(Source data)
—————
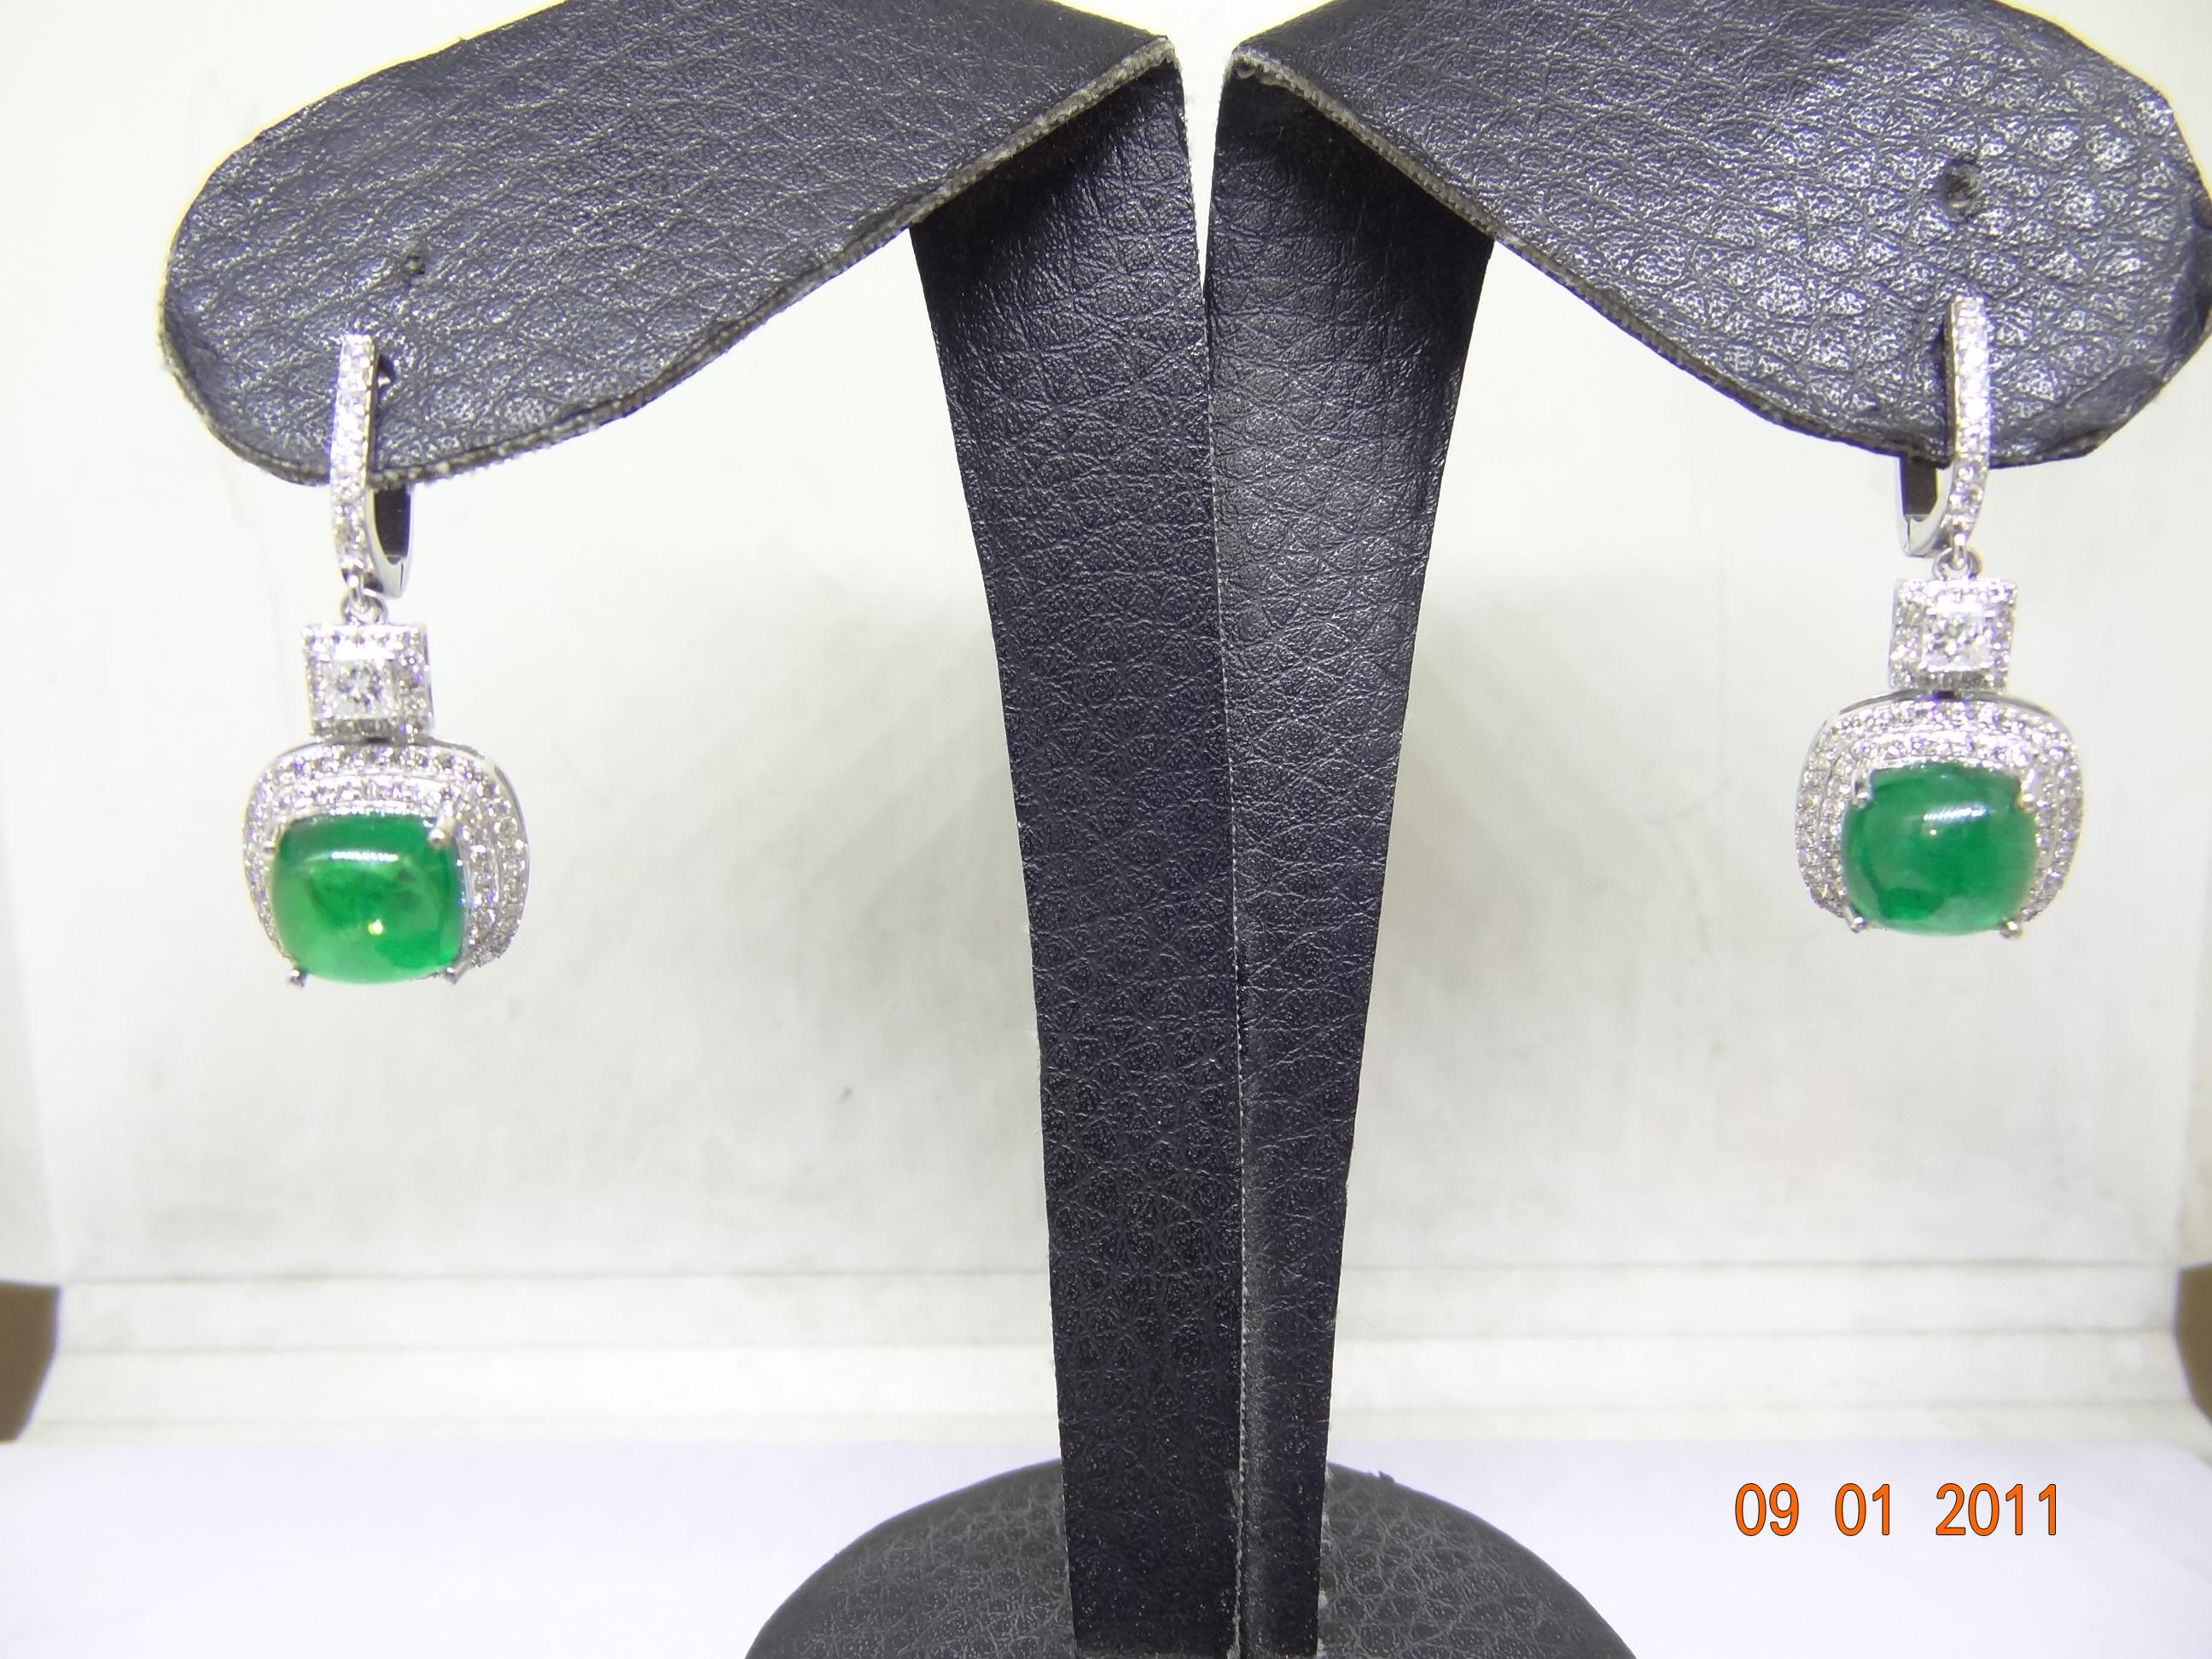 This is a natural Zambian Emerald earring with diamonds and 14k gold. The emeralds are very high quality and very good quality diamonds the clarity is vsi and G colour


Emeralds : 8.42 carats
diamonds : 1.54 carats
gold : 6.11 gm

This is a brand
—————
▸ **Task statement**
Restate each entry word for word; omit the pictures.

▸ **Answer**
 This is a natural Zambian Emerald earring with diamonds and 14k gold. The emeralds are very high quality and very good quality diamonds the clarity is vsi and G colour


Emeralds : 8.42 carats
diamonds : 1.54 carats
gold : 6.11 gm

This is a brand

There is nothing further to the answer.